» **Task details**: Looking at the listing below, retype exactly the lines starting at the one containing "Happy Birthday Darcelle" and ending at the one containing "Intel Pentium Dual-Core", both included, and nothing else.

» **Exercise data**:

• • • •

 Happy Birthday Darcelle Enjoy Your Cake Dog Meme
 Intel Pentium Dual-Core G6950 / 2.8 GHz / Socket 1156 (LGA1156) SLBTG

• • • •

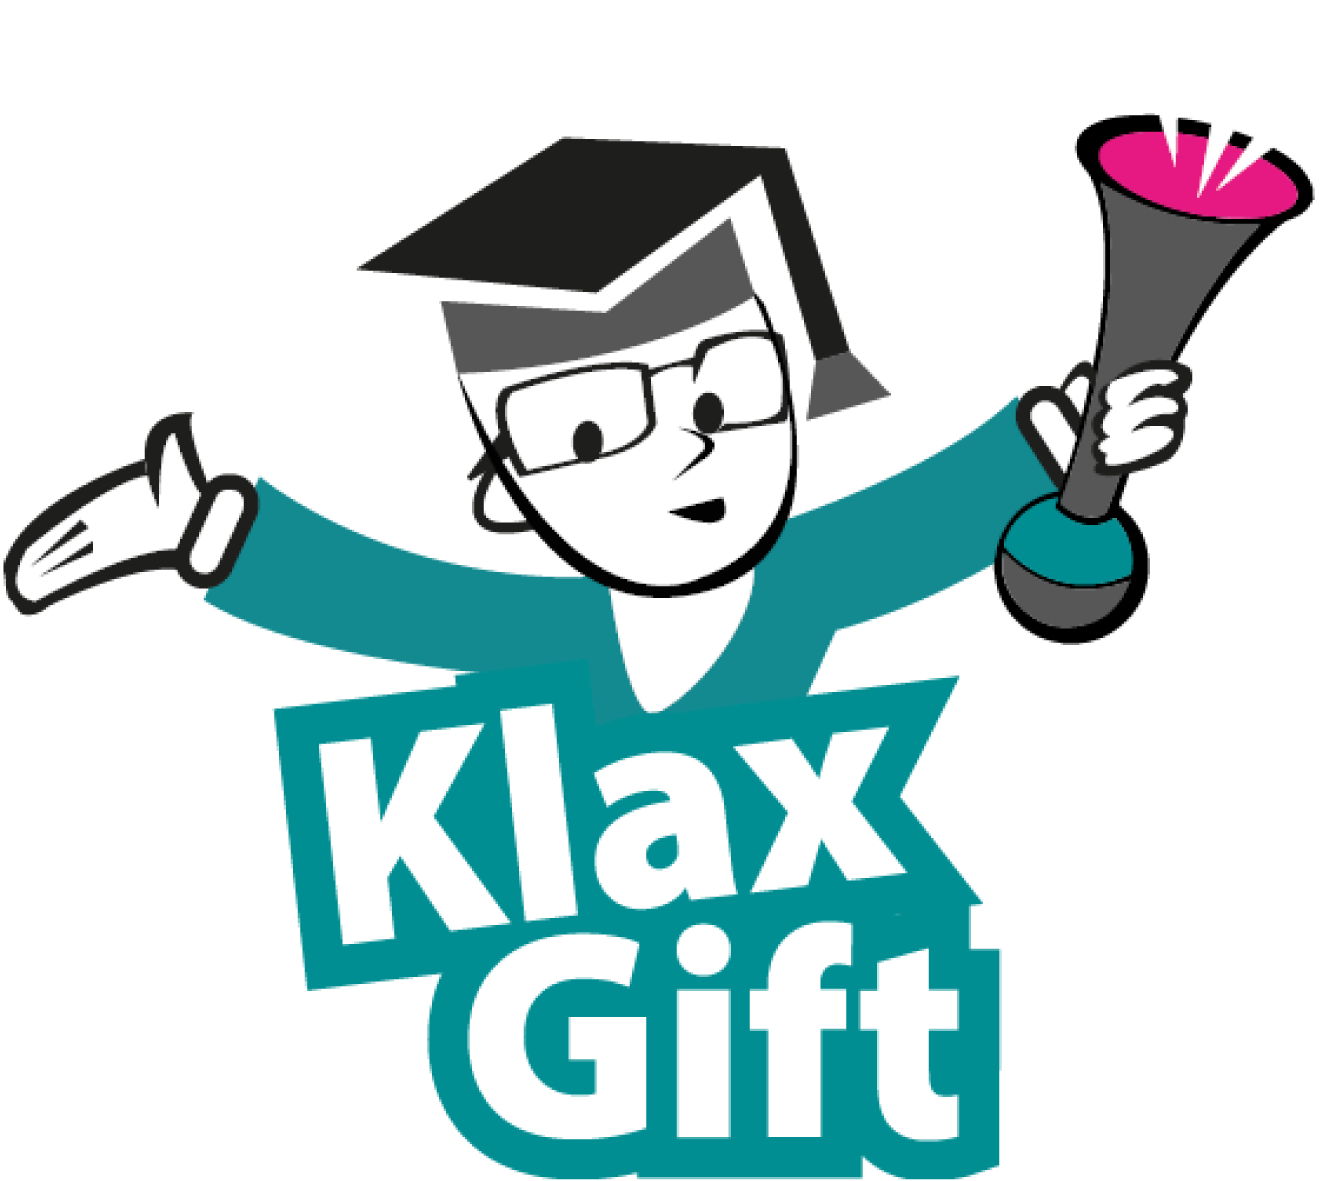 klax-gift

• • • •

» **Expected answer**:
 Happy Birthday Darcelle Enjoy Your Cake Dog Meme
 Intel Pentium Dual-Core G6950 / 2.8 GHz / Socket 1156 (LGA1156) SLBTG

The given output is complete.